■ **Work required**:
Copy out the listing below exactly, please, and skip any pictures.

■ **Available data**:
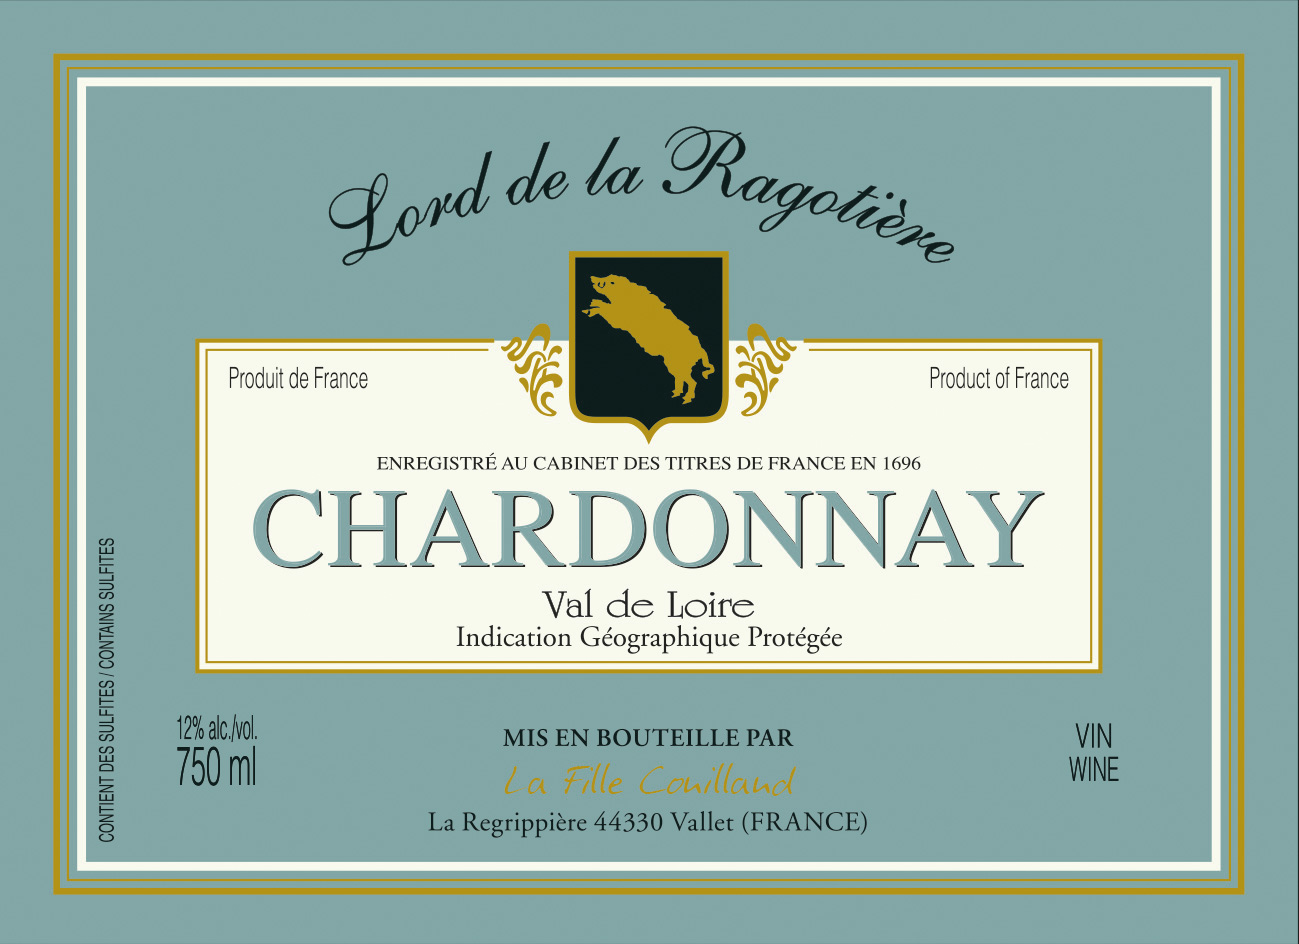 Lord de la Ragotière - Chardonnay
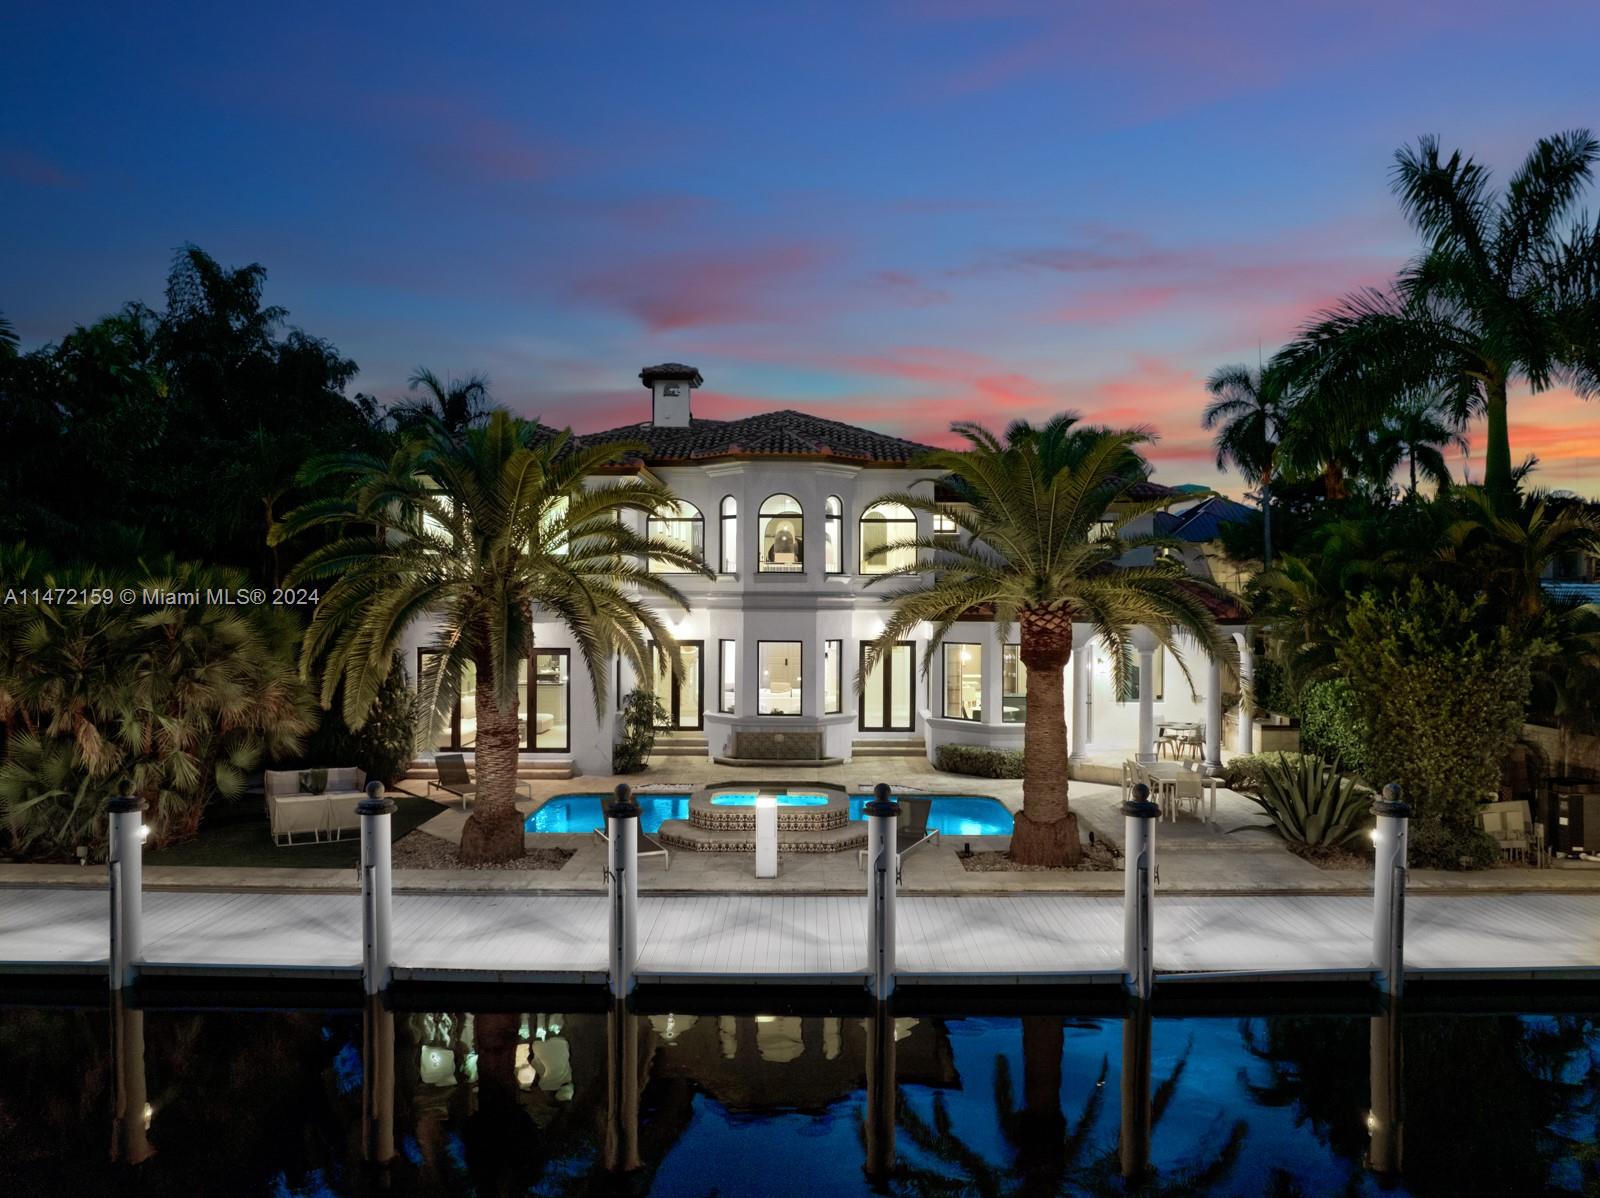 Property for Sale at 168 Fiesta Way, Fort Lauderdale, Broward County, Florida - Bedrooms: 6 
Bathrooms: 6  - $6,390,000
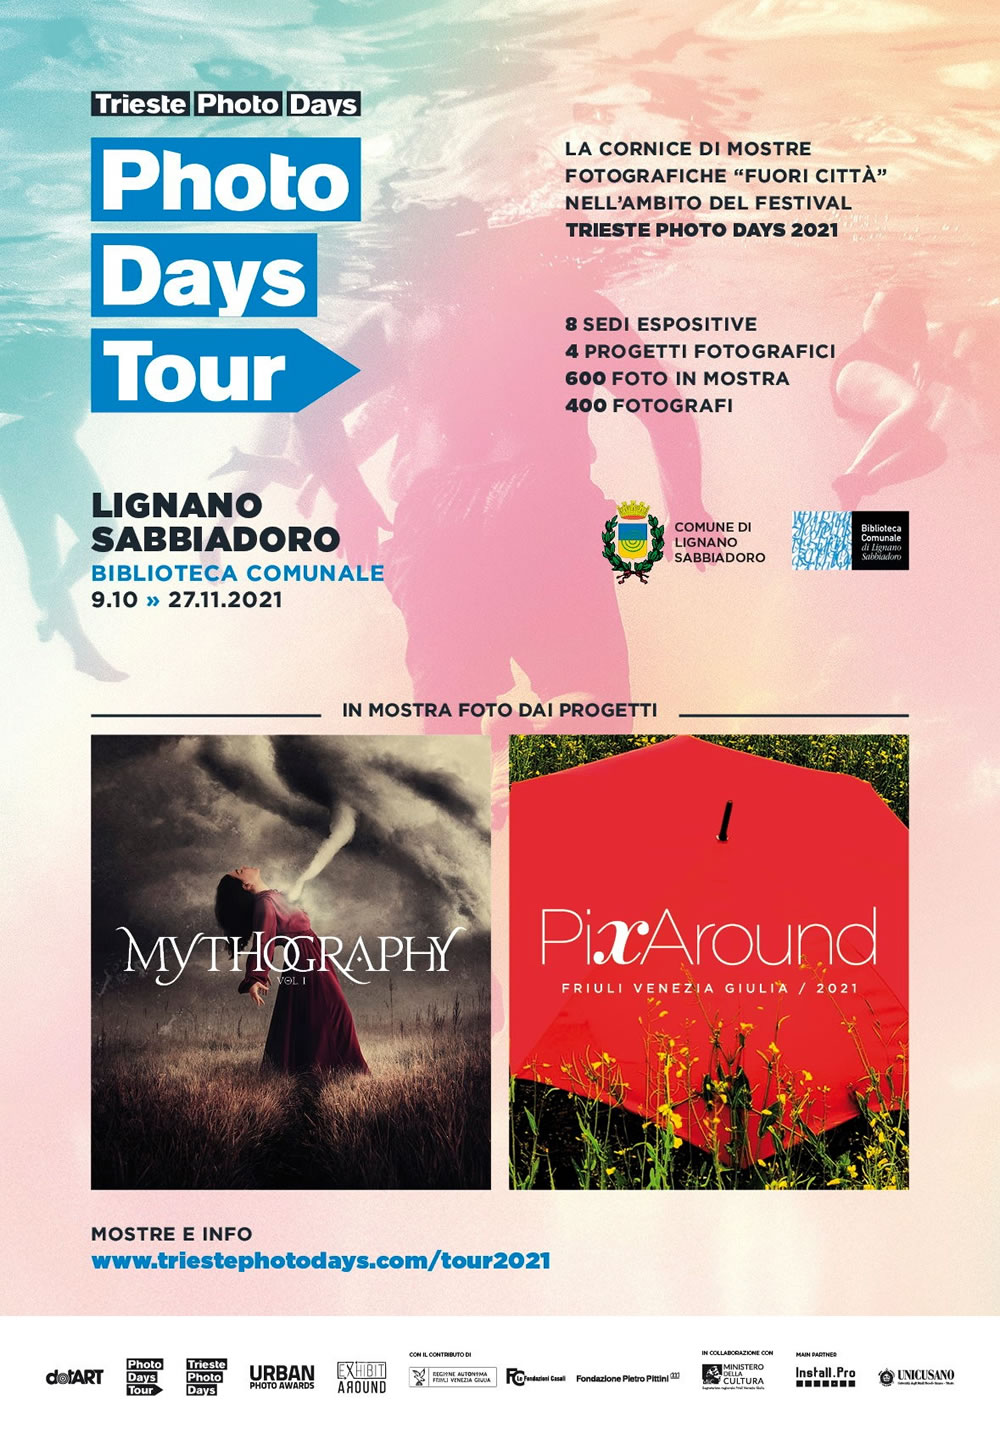 Photo days tour Lignano Sabbiadoro

■ **Solution to this problem**:
 Lord de la Ragotière - Chardonnay
 Property for Sale at 168 Fiesta Way, Fort Lauderdale, Broward County, Florida - Bedrooms: 6 
Bathrooms: 6  - $6,390,000
 Photo days tour Lignano Sabbiadoro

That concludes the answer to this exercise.